- [Assignment]: Give back every line of the material below exactly, but no images.

- [Data segment]:
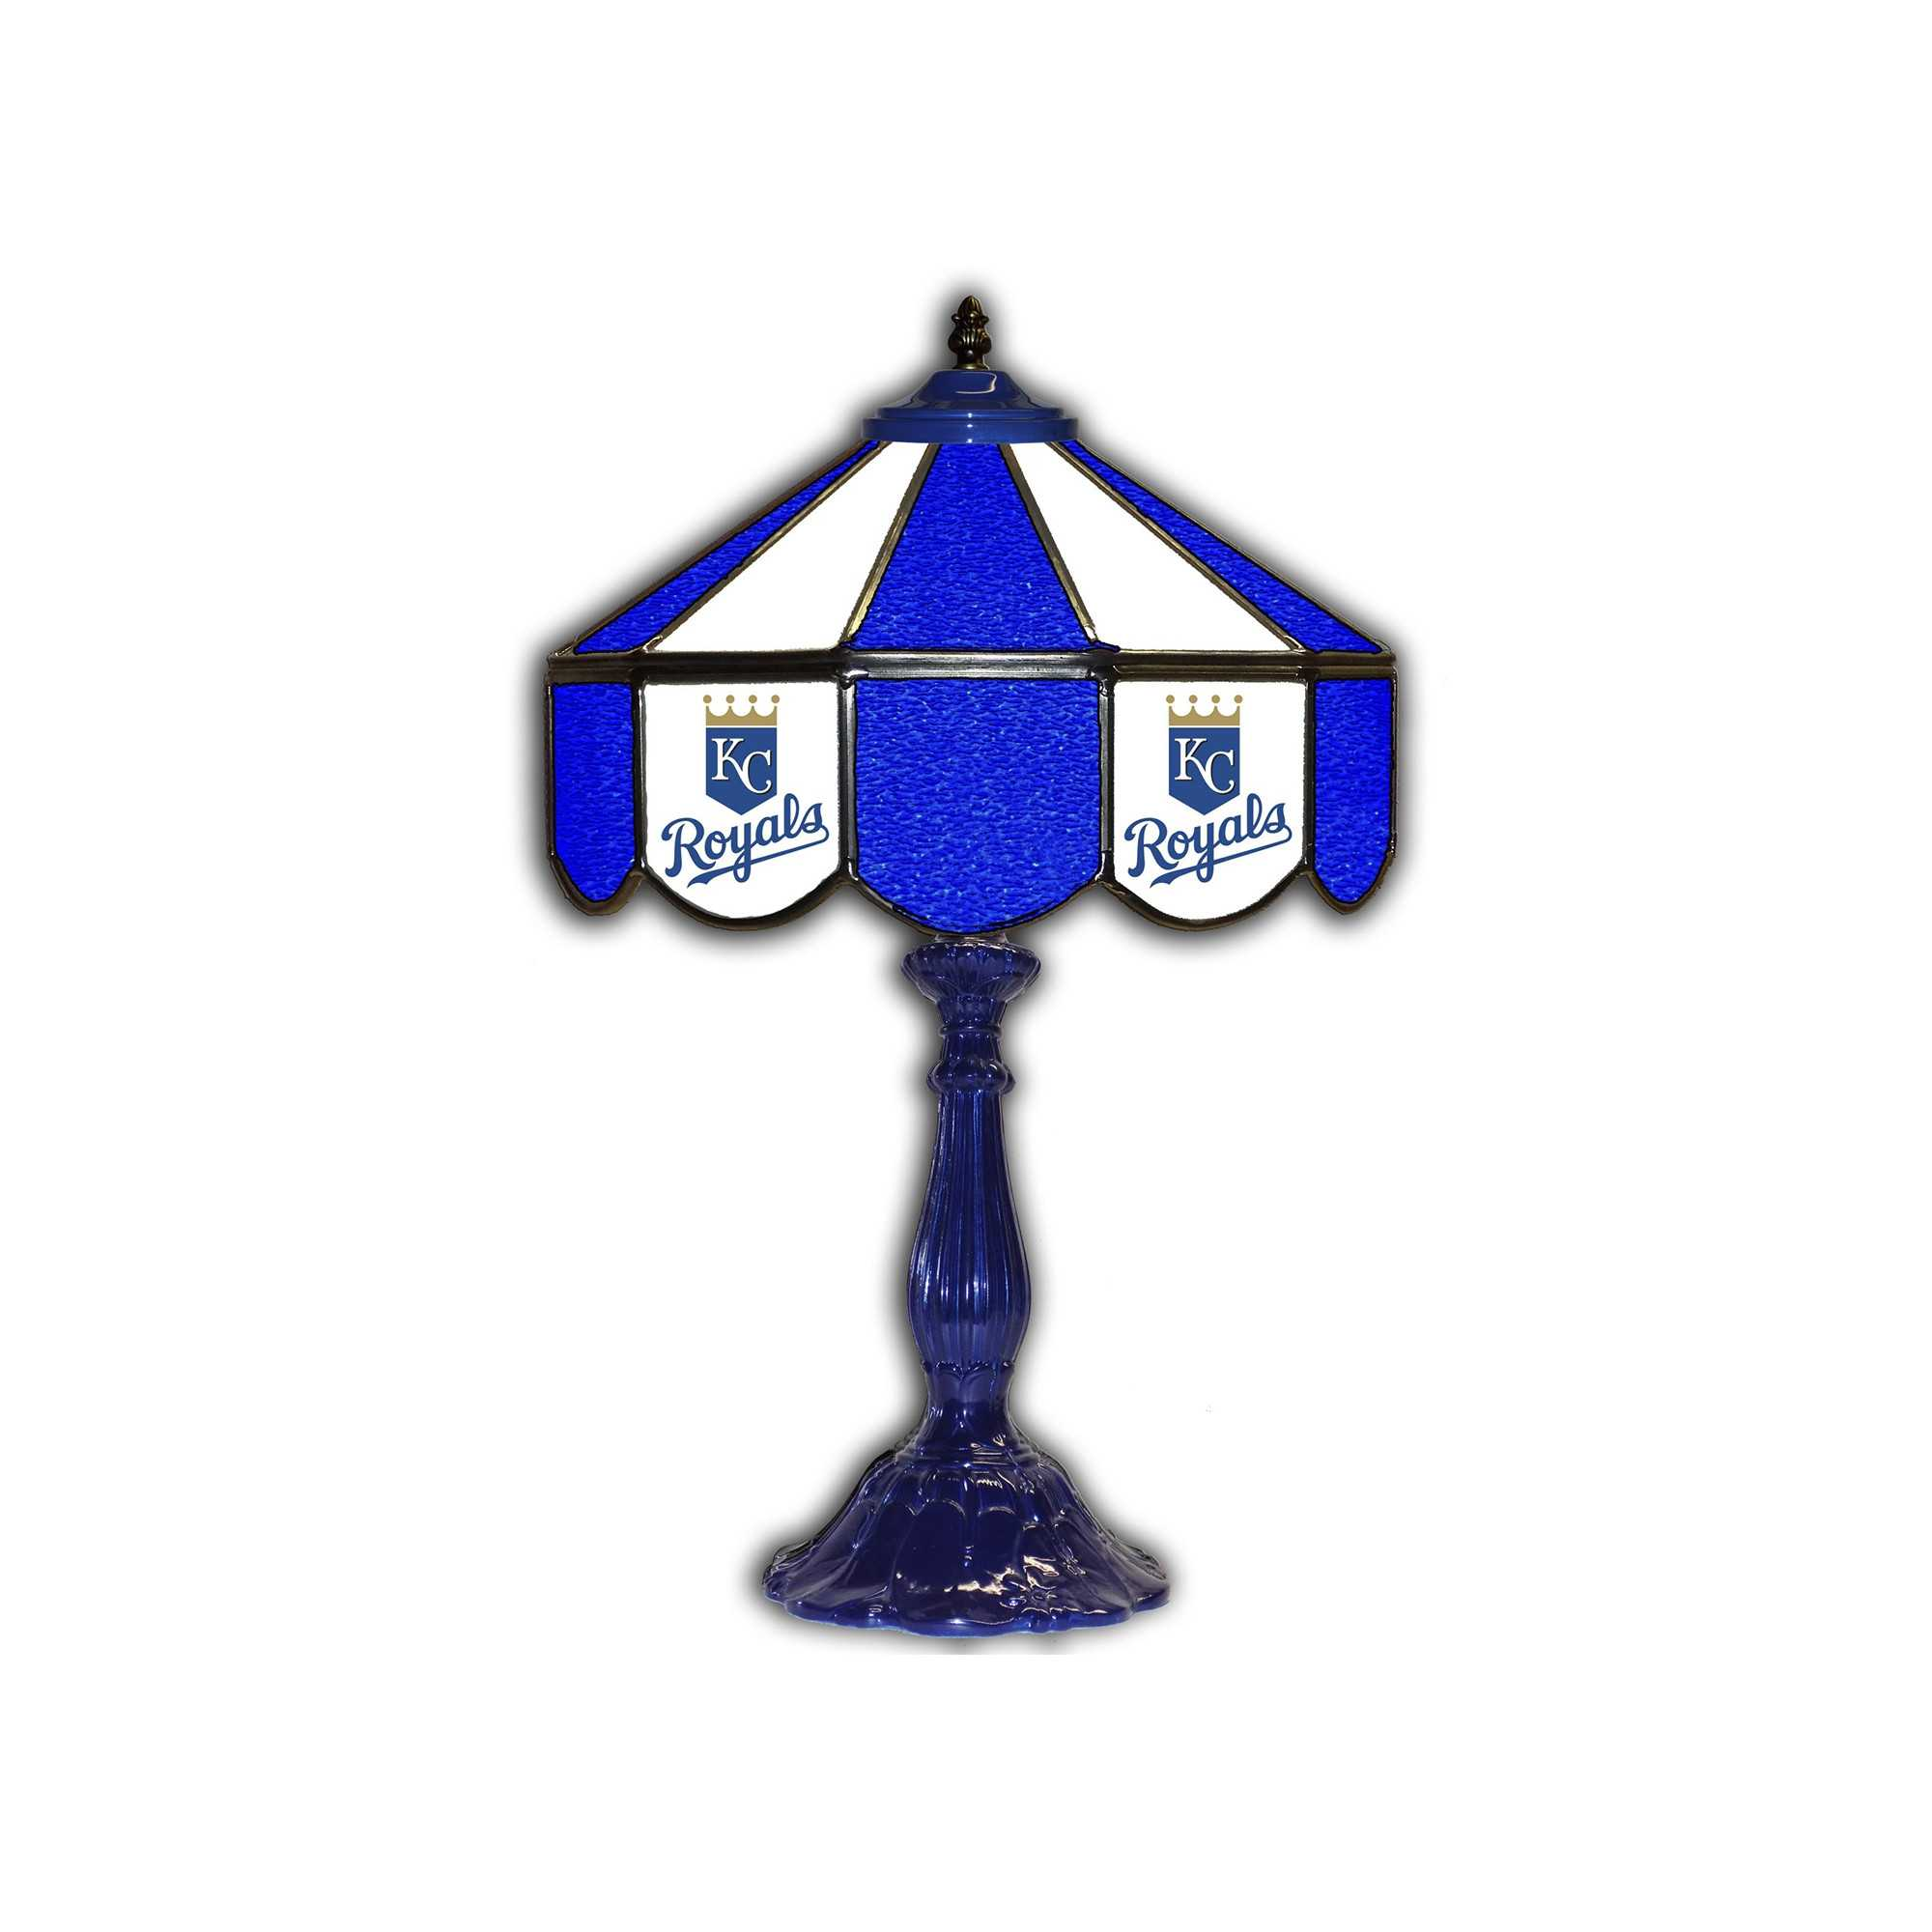 "KANSAS CITY ROYALS 21"" GLASS TABLE LAMP"
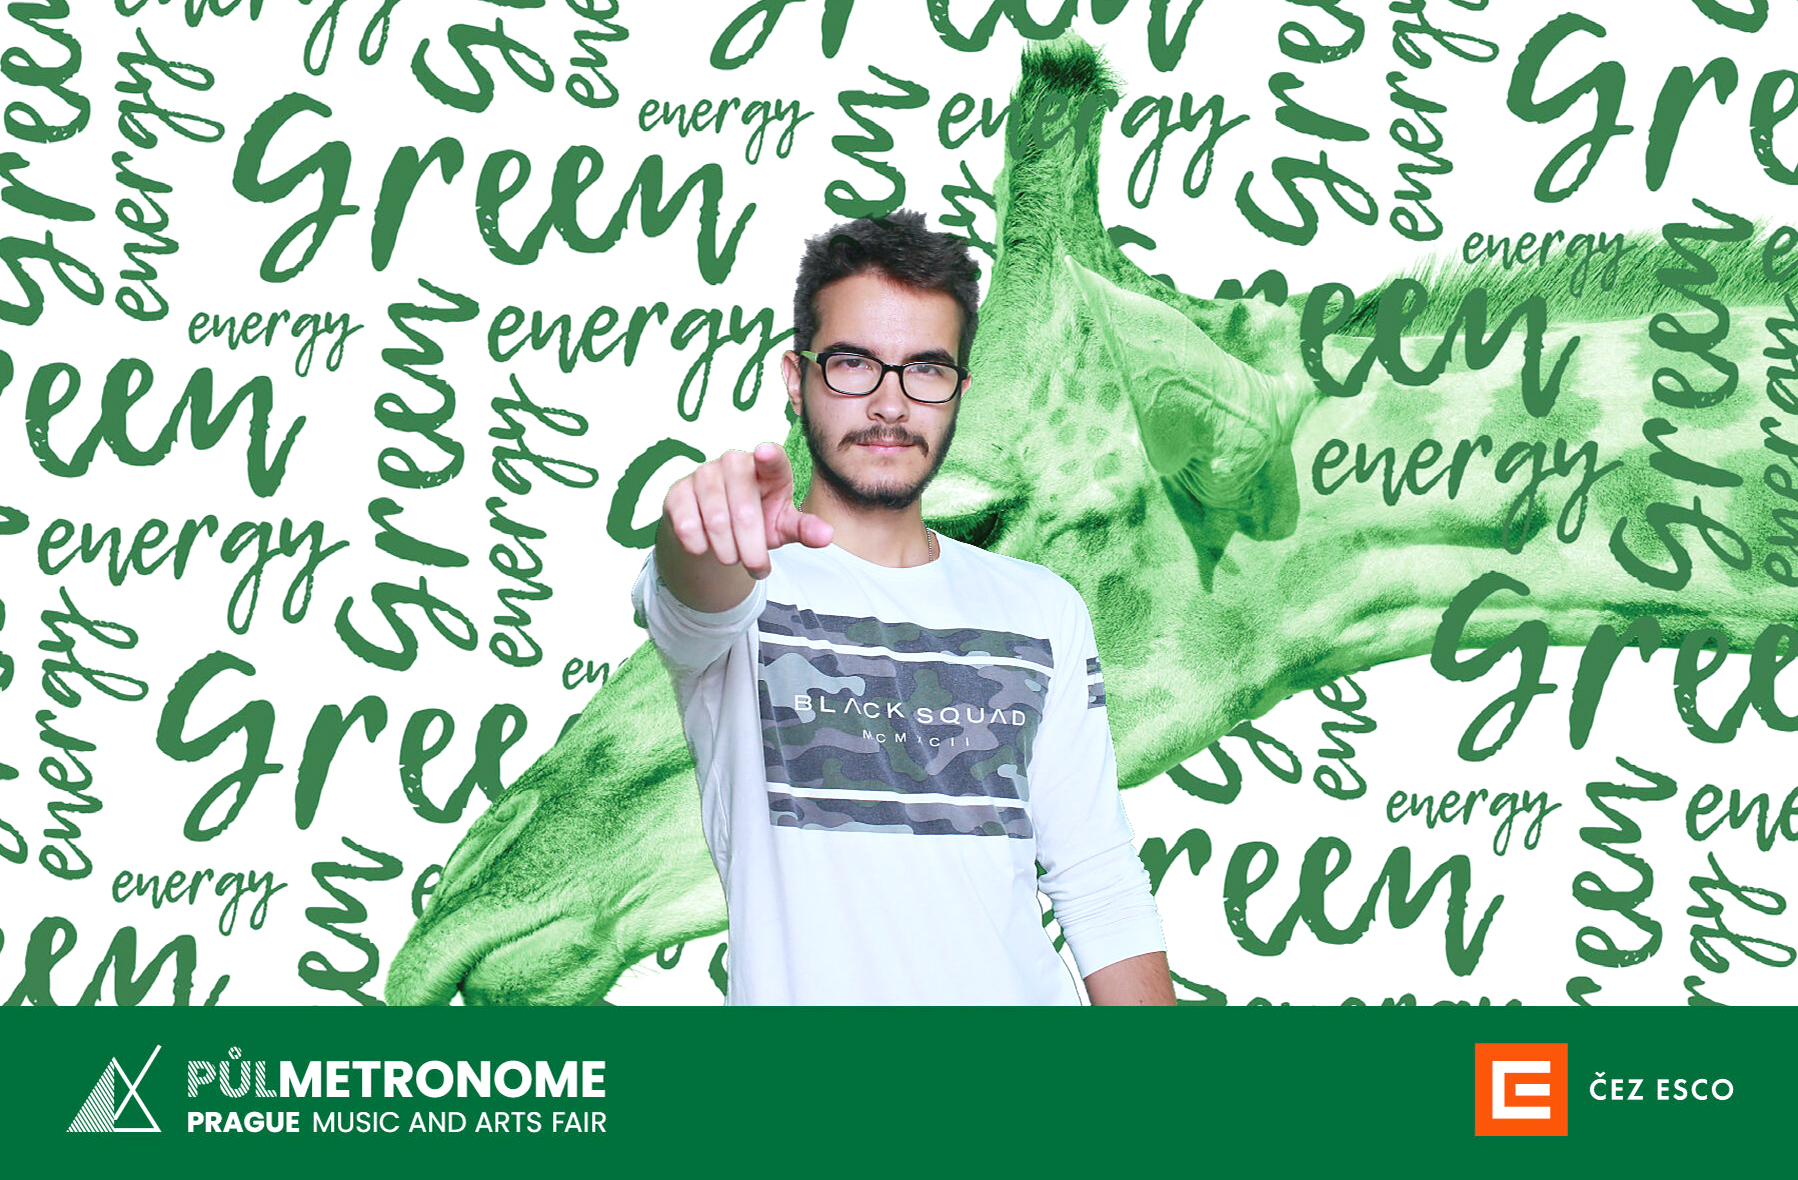 fotokoutek-festival-praha-cez-esco-pulmetronome-19-9-2020-731024
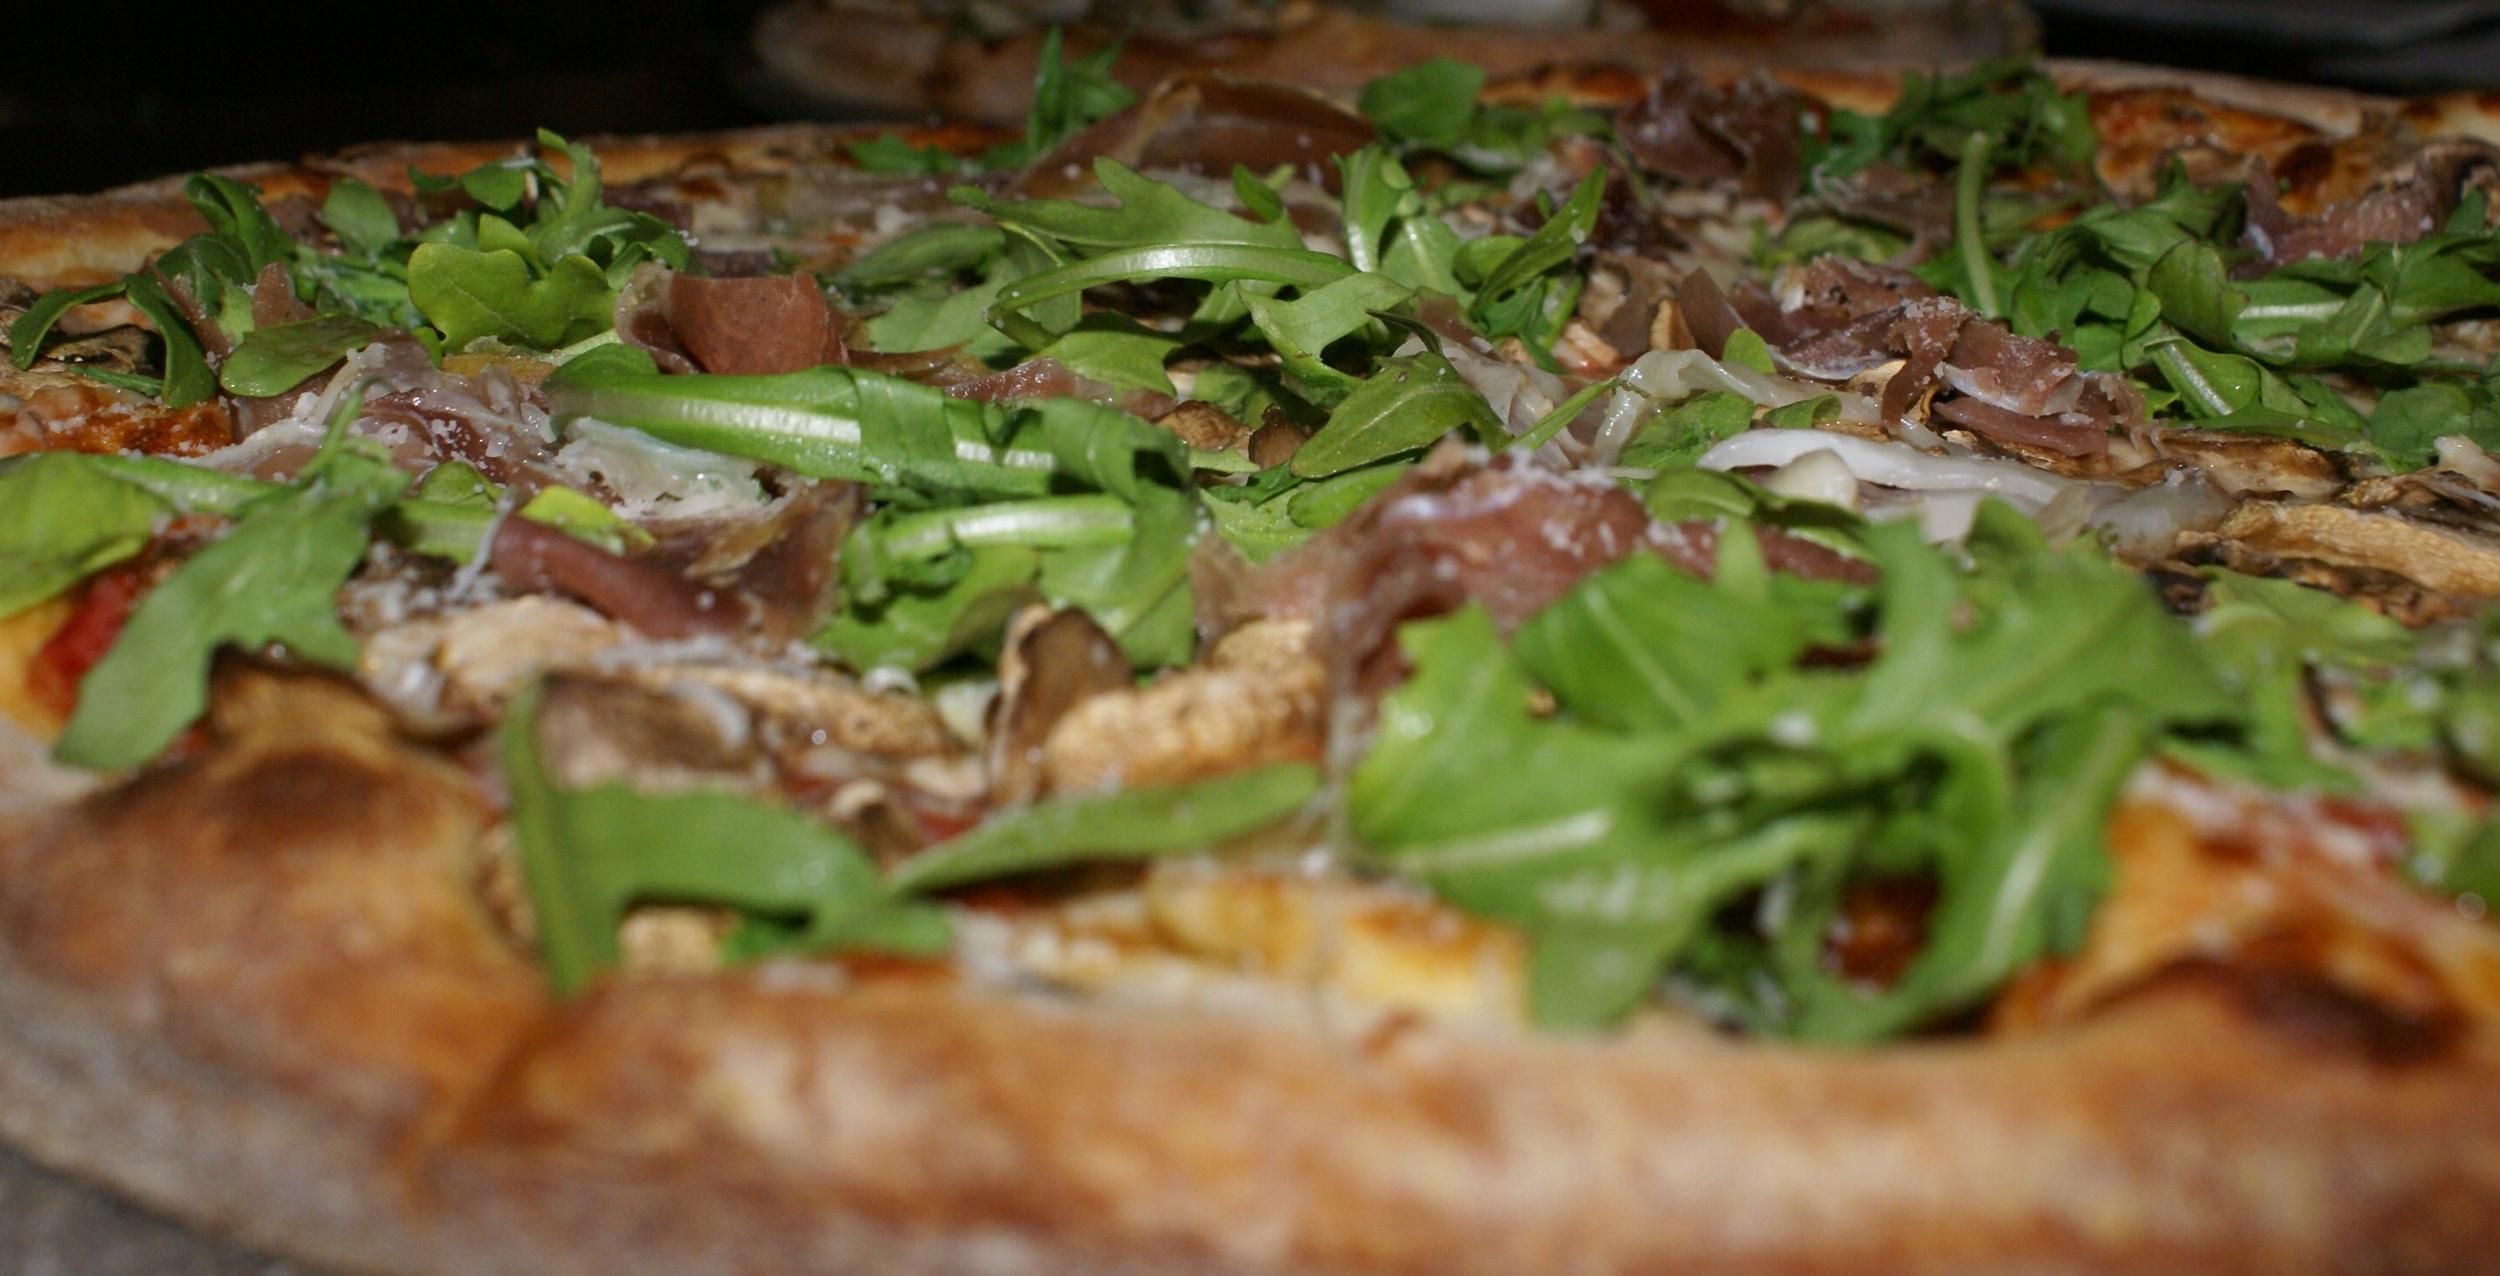 GiGi's Pizza - prosciutto, mushroom, arugula, parmesan

- [Task result]:
 "KANSAS CITY ROYALS 21"" GLASS TABLE LAMP"
 fotokoutek-festival-praha-cez-esco-pulmetronome-19-9-2020-731024
 GiGi's Pizza - prosciutto, mushroom, arugula, parmesan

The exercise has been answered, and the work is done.